YOUR OBJECTIVE: In the records that follow, find each line containing "Gift" and copy it.

DATA EXTRACTS:
====================

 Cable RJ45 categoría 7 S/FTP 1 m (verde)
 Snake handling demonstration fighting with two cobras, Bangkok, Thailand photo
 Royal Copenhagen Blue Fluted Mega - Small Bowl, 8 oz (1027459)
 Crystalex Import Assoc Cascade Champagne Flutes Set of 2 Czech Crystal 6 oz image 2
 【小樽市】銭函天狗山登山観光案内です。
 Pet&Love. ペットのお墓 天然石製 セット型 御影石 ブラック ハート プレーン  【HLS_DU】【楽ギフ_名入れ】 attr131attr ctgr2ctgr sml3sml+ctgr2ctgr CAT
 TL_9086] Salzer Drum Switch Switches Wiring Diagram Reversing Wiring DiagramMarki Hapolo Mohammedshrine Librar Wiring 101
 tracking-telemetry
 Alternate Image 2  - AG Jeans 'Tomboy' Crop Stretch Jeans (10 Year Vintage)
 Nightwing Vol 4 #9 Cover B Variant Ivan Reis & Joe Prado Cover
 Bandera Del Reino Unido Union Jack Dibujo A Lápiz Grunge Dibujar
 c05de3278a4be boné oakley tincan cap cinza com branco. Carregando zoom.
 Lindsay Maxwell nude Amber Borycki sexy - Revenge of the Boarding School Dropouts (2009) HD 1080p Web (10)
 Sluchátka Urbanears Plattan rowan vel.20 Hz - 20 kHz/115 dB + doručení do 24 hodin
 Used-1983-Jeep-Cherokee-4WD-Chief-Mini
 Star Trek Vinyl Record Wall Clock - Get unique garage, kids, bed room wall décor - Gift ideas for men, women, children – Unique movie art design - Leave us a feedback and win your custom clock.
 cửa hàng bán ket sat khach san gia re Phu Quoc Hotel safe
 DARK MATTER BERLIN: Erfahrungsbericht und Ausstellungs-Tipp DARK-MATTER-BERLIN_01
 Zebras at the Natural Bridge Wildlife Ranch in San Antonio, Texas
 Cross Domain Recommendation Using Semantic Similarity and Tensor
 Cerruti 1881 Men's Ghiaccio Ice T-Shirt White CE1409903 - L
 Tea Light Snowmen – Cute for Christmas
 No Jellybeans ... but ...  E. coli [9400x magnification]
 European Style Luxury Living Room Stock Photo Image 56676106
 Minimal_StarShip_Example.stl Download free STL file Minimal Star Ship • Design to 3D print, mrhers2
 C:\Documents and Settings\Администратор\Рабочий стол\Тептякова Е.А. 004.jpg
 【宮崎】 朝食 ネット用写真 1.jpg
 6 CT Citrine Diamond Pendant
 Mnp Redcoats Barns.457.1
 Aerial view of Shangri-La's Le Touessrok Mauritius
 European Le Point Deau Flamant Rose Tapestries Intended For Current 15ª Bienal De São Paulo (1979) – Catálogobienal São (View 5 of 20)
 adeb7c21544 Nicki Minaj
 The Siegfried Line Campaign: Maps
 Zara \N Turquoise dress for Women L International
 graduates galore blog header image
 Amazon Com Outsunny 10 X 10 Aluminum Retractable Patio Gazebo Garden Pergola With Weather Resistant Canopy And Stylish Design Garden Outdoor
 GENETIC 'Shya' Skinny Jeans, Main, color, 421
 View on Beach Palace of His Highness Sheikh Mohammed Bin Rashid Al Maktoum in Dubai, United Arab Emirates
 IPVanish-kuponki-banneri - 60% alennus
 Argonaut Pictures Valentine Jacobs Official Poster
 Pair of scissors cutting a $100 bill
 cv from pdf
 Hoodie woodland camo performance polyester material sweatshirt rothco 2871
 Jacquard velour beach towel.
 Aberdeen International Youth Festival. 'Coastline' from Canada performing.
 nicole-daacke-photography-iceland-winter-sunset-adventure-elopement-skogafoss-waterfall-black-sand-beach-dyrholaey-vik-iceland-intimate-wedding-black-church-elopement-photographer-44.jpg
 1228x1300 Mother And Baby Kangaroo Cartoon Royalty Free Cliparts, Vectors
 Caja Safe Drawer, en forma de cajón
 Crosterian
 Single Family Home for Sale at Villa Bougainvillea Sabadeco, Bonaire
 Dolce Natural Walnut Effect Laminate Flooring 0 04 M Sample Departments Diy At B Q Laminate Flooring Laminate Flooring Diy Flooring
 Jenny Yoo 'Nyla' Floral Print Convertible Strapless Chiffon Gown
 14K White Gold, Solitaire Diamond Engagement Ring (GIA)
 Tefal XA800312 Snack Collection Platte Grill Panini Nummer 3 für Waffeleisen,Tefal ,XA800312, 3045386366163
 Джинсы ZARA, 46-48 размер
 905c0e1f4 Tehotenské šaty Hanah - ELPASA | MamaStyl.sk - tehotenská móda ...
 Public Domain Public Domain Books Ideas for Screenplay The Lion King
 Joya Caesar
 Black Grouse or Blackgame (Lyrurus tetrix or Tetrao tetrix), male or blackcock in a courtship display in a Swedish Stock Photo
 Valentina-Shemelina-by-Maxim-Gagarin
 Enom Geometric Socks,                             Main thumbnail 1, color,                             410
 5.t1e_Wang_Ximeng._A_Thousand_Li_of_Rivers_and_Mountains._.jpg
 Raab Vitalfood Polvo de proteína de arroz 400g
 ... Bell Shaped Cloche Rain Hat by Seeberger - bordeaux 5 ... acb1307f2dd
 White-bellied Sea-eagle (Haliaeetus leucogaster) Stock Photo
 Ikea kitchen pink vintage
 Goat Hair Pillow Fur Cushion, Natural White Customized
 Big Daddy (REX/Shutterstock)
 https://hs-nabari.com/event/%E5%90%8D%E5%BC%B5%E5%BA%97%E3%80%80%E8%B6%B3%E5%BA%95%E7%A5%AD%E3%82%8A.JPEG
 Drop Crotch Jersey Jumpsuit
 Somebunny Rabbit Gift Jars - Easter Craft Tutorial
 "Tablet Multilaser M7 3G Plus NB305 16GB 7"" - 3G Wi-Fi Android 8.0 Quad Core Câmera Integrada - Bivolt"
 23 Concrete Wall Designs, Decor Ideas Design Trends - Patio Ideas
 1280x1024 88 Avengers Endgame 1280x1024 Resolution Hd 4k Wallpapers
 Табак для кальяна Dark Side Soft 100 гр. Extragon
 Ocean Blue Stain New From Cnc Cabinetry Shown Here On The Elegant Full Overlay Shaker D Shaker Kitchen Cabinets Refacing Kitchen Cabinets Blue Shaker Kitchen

====================

FINISHED EXERCISE:
 Star Trek Vinyl Record Wall Clock - Get unique garage, kids, bed room wall décor - Gift ideas for men, women, children – Unique movie art design - Leave us a feedback and win your custom clock.
 Somebunny Rabbit Gift Jars - Easter Craft Tutorial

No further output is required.